• Collected data:

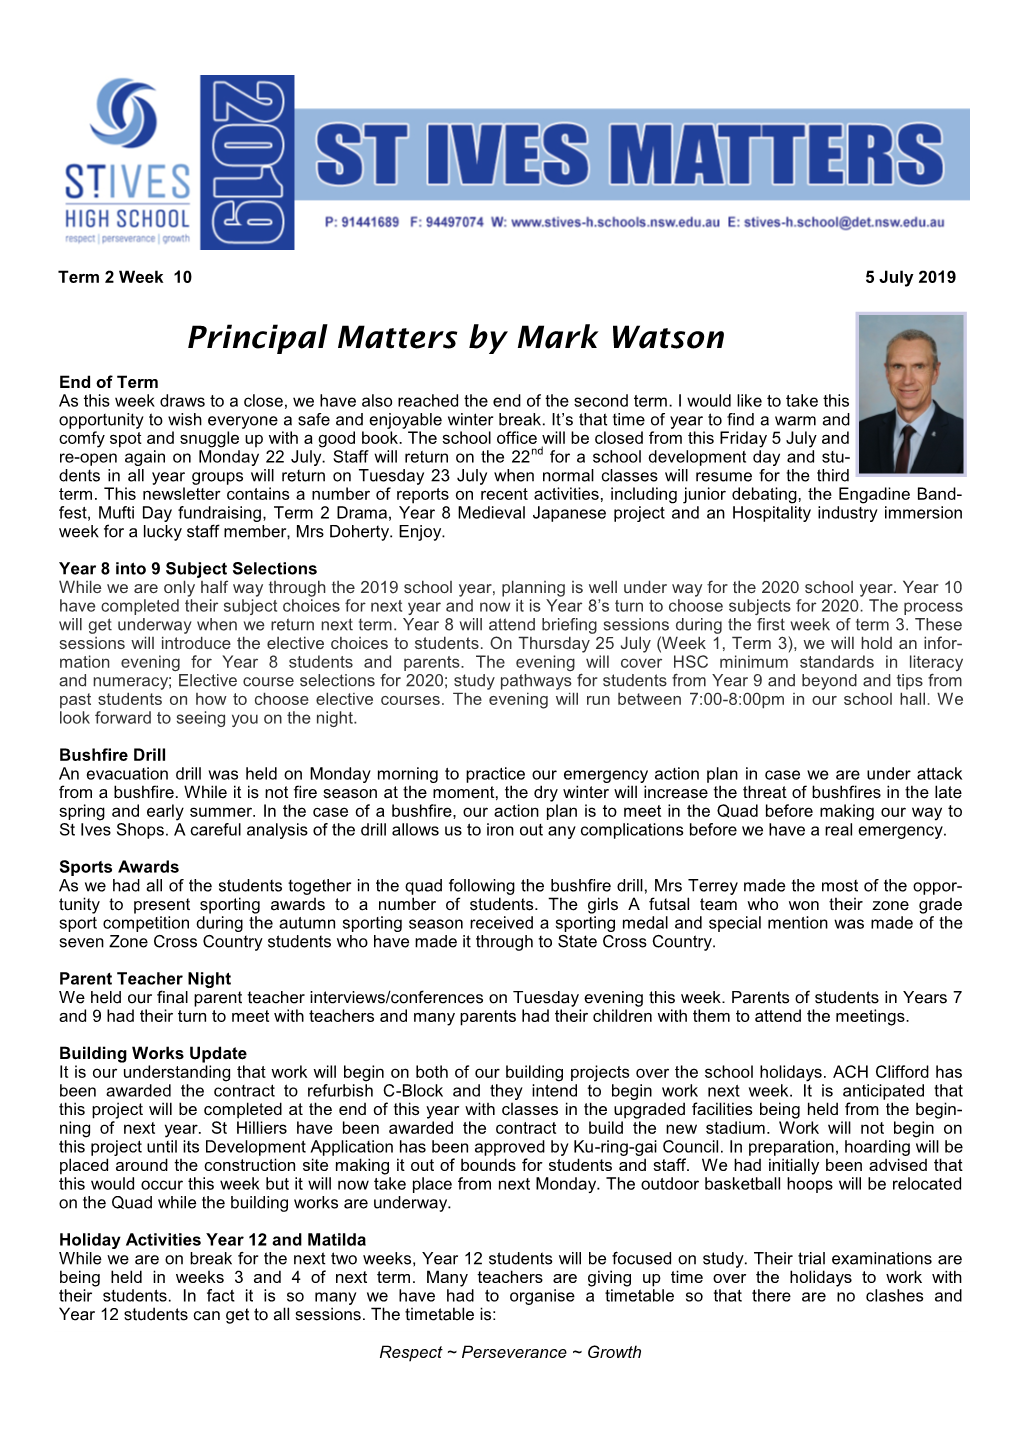 Principal Matters by Mark Watson
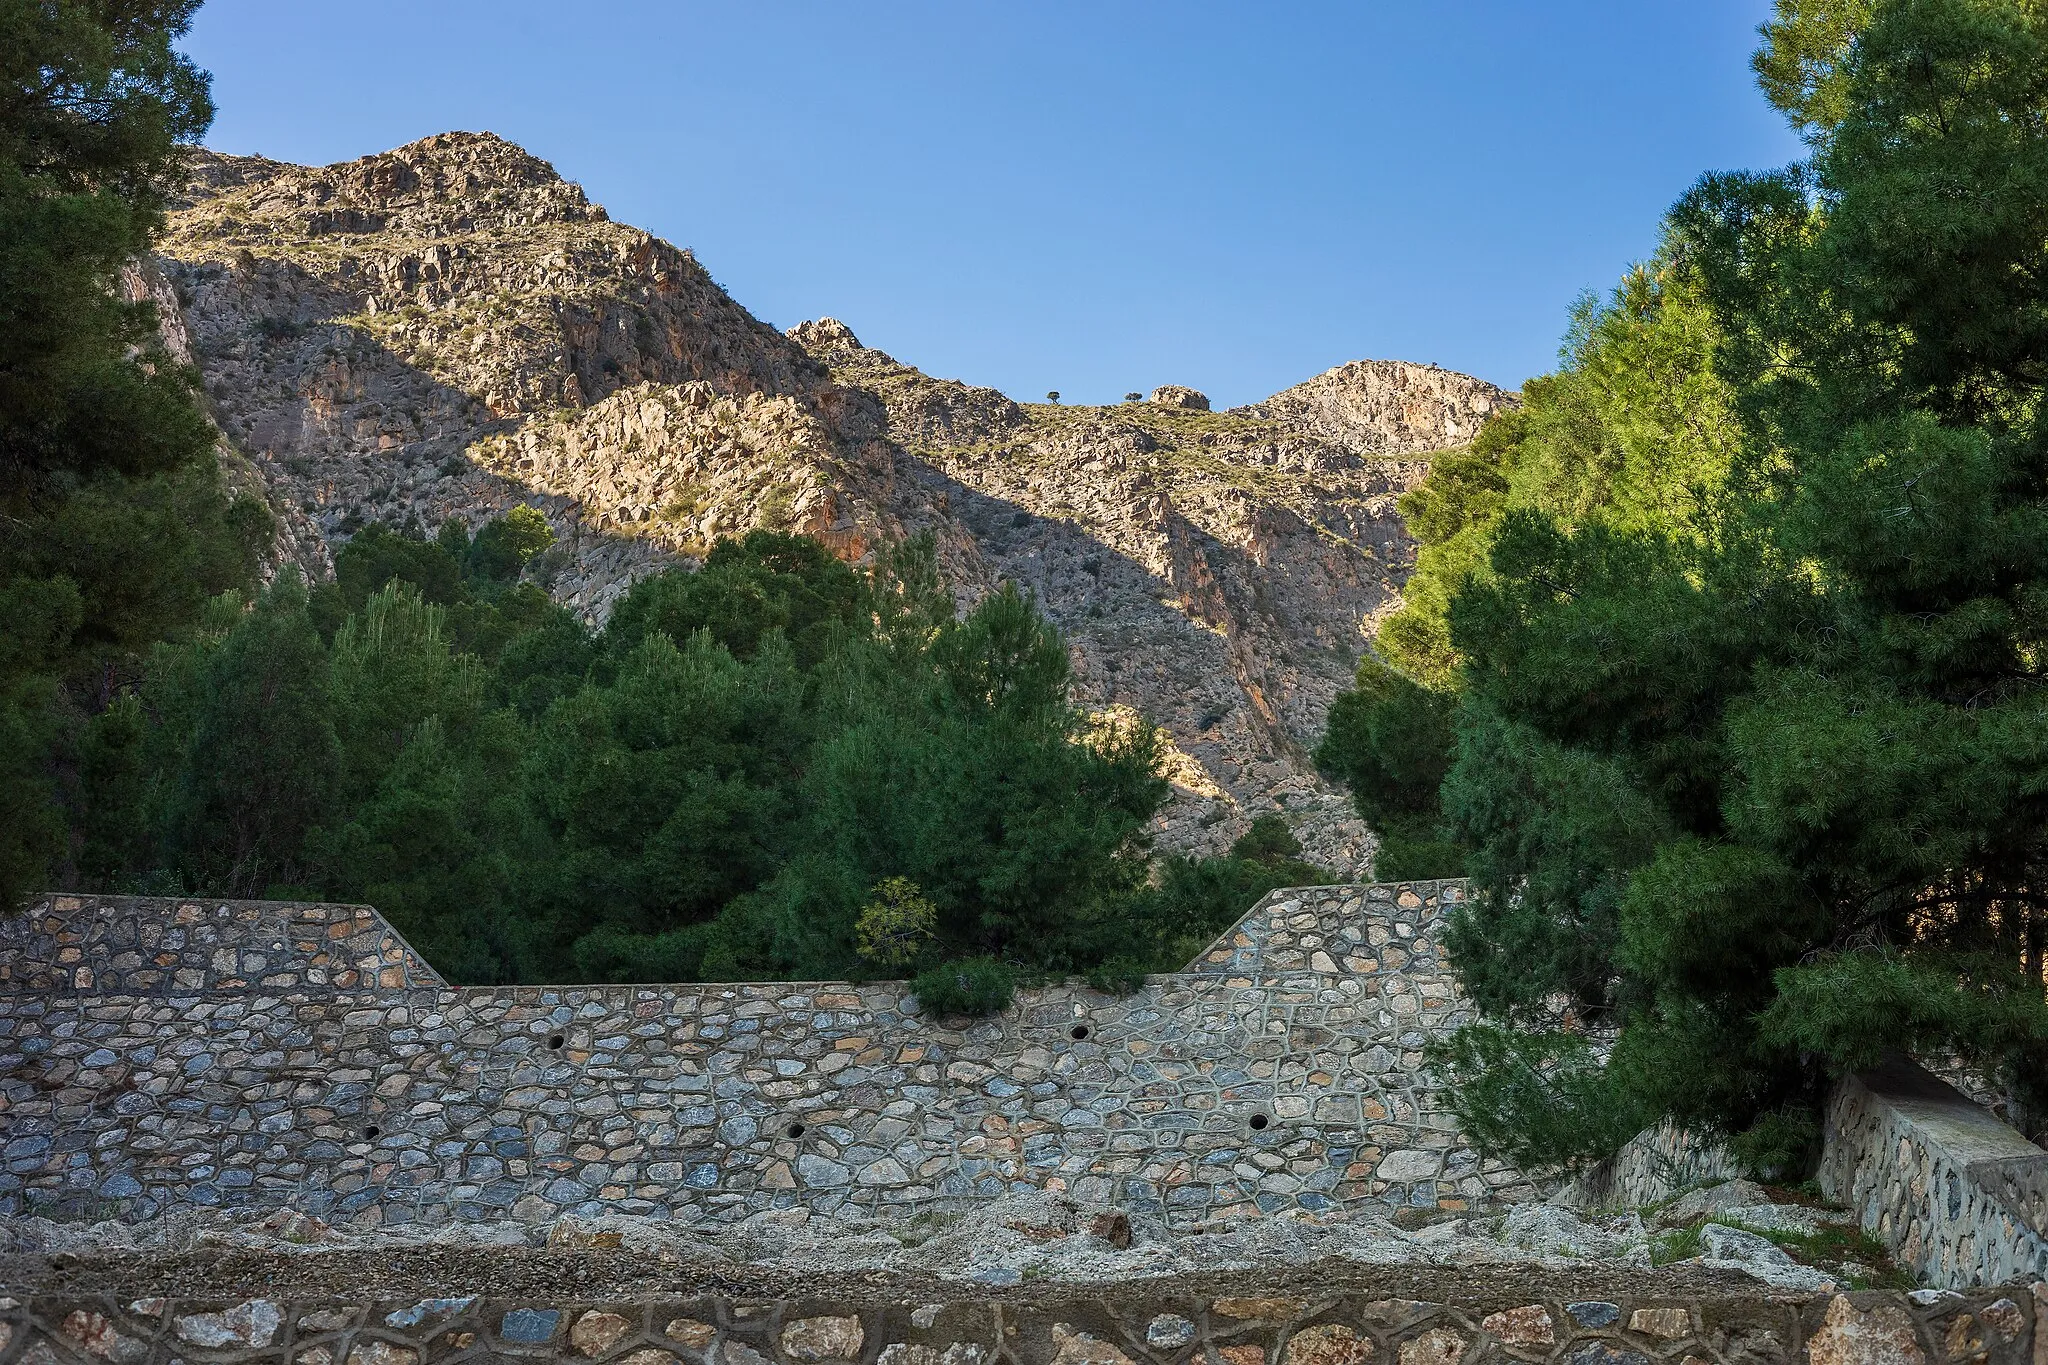 Photo showing: A large drop structure for the waterflow of La Rambla in Paraje Natural La Pilarica in Sierra de Callosa mountains in Callosa de Segura, Alicante, Spain, 2022 January.
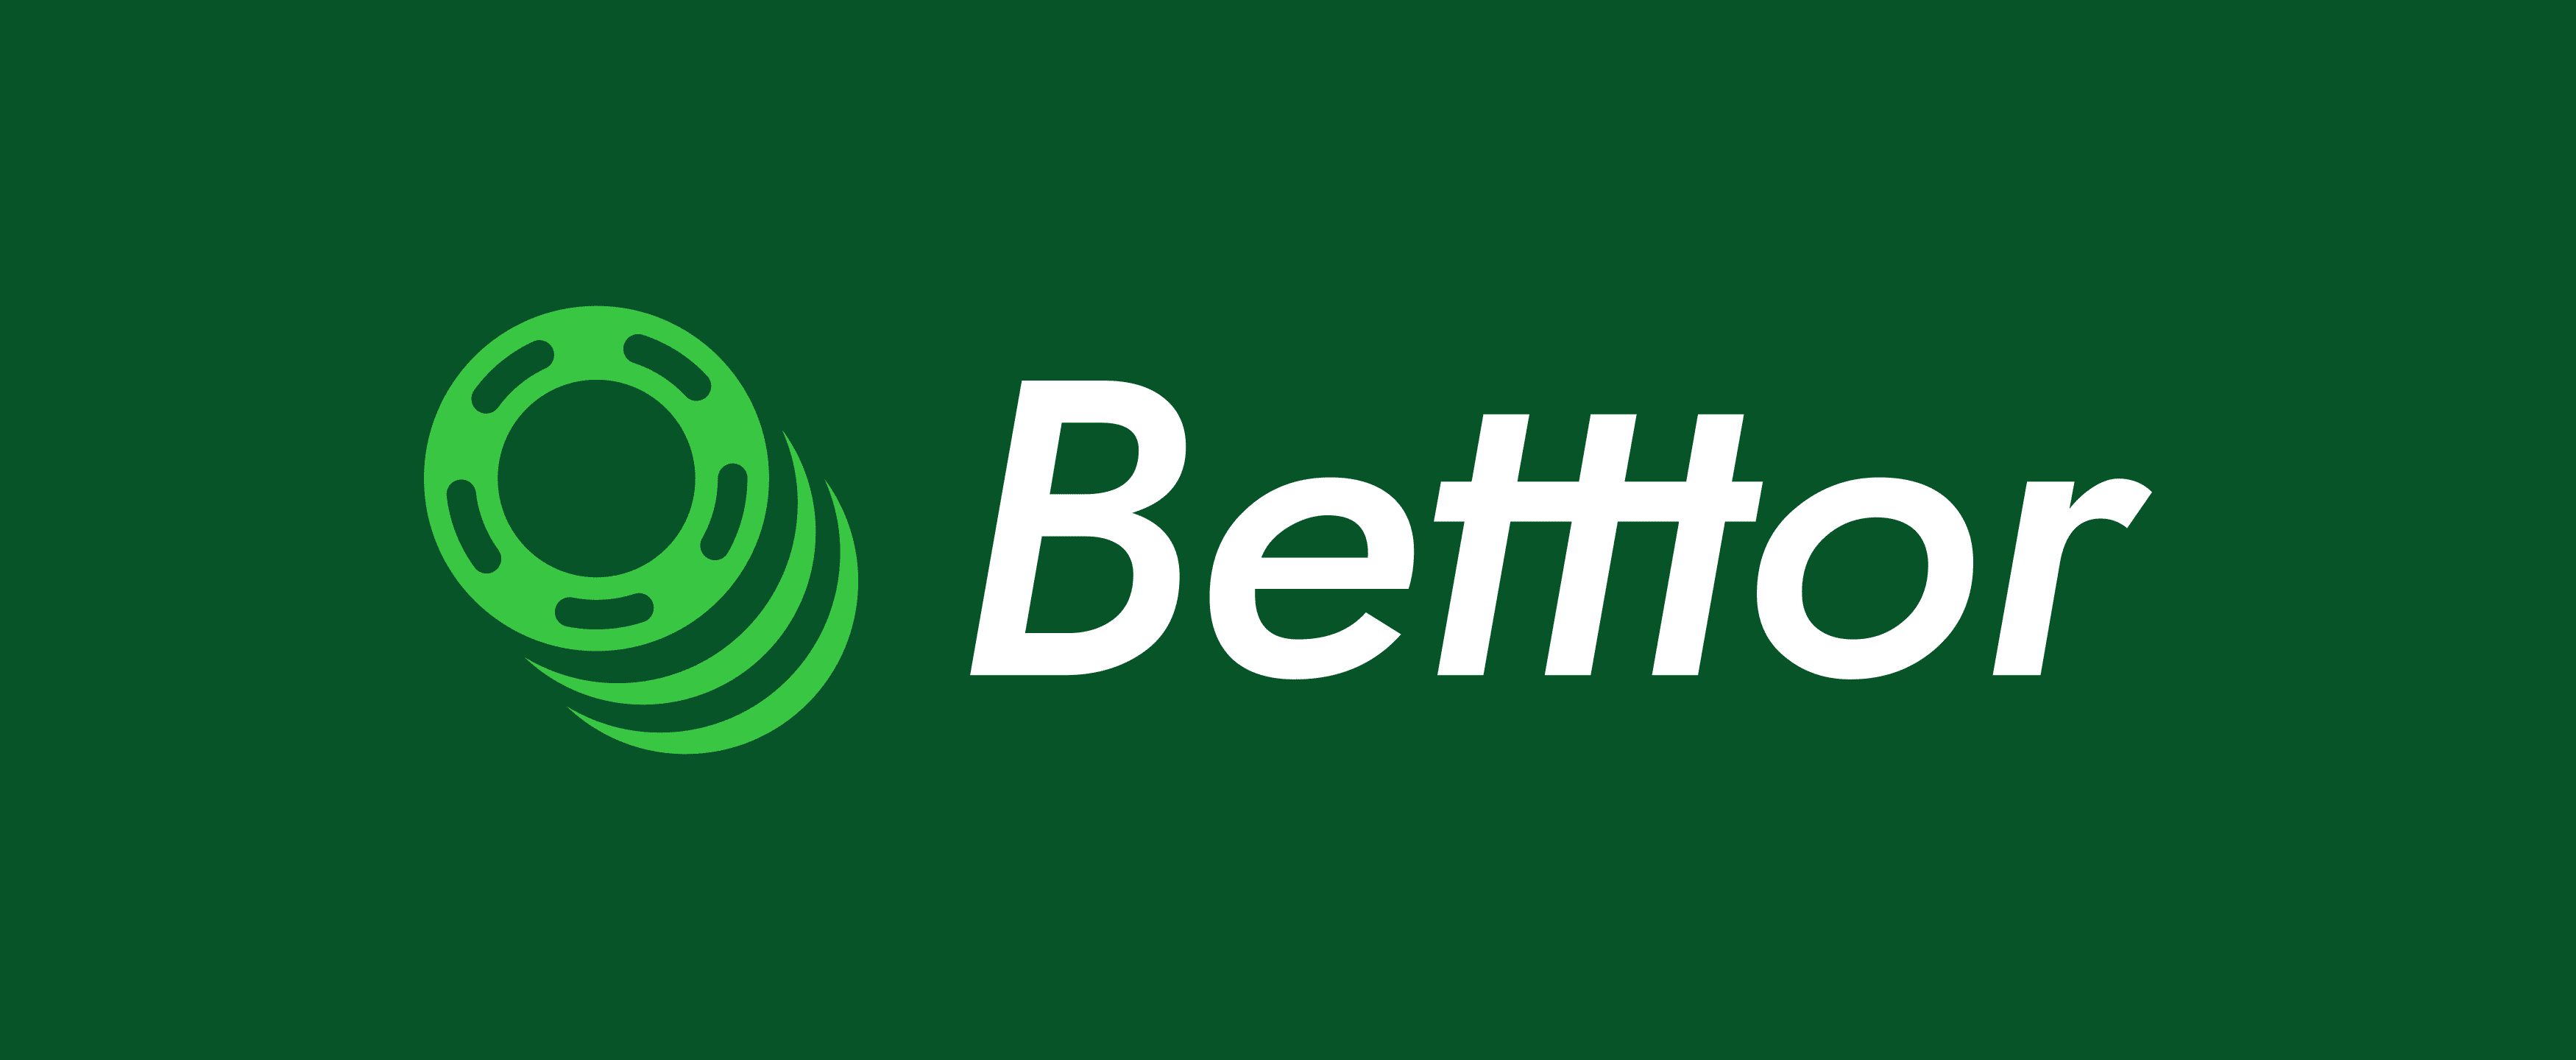 Betttor Example Branding Photo

• What the task requires: Copy nothing but the lines above from the one with "Photo showing: A" through the end of the material, word for word, and drop the pictures.

• Expected output:
 Photo showing: A large drop structure for the waterflow of La Rambla in Paraje Natural La Pilarica in Sierra de Callosa mountains in Callosa de Segura, Alicante, Spain, 2022 January.
 Betttor Example Branding Photo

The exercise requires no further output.